**Task prompt**
Repeat the records below word for word and omit each image.

**Input**
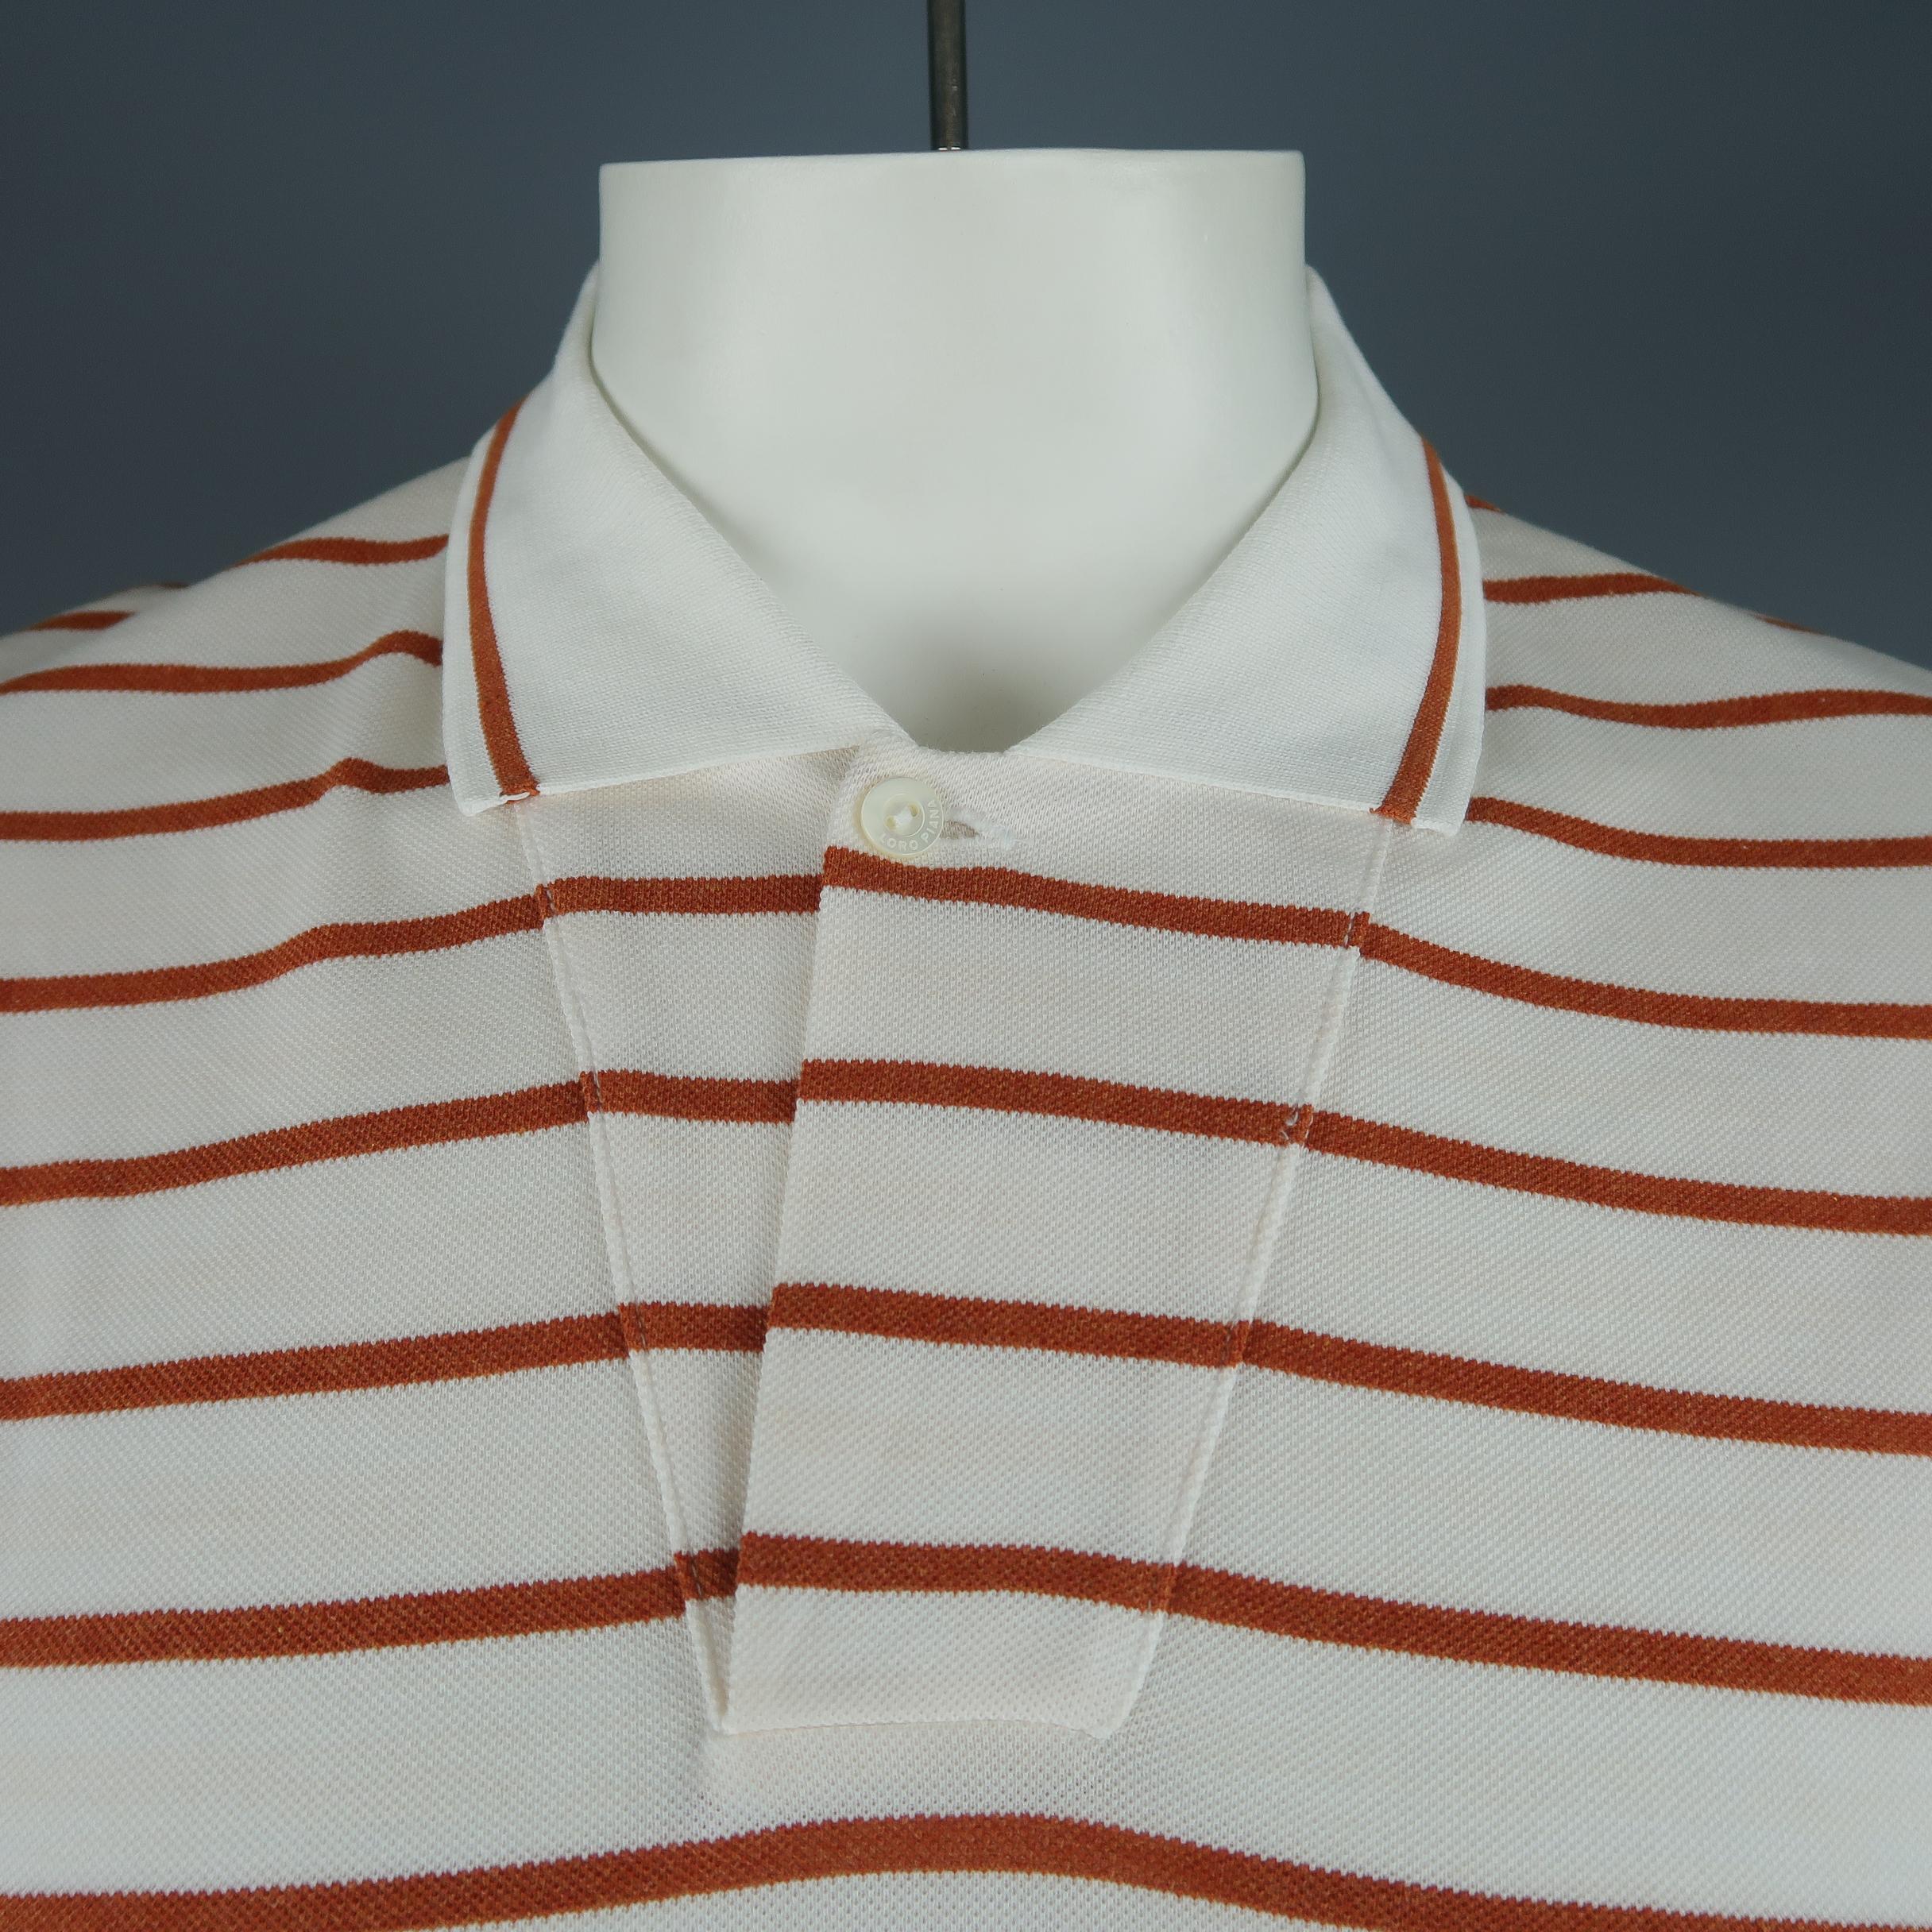 LORO PIANA polo comes in cream and burnt orange striped cotton pique with a single button collar. Made in Italy.
 
New with Tags.
Marked: XXL
 
Measurements:
 
Shoulder: 19 in.
Chest: 46 in.
Sleeve: 10 in.
Length: 29 in.

**Expected output**
 LORO PIANA polo comes in cream and burnt orange striped cotton pique with a single button collar. Made in Italy.
 
New with Tags.
Marked: XXL
 
Measurements:
 
Shoulder: 19 in.
Chest: 46 in.
Sleeve: 10 in.
Length: 29 in.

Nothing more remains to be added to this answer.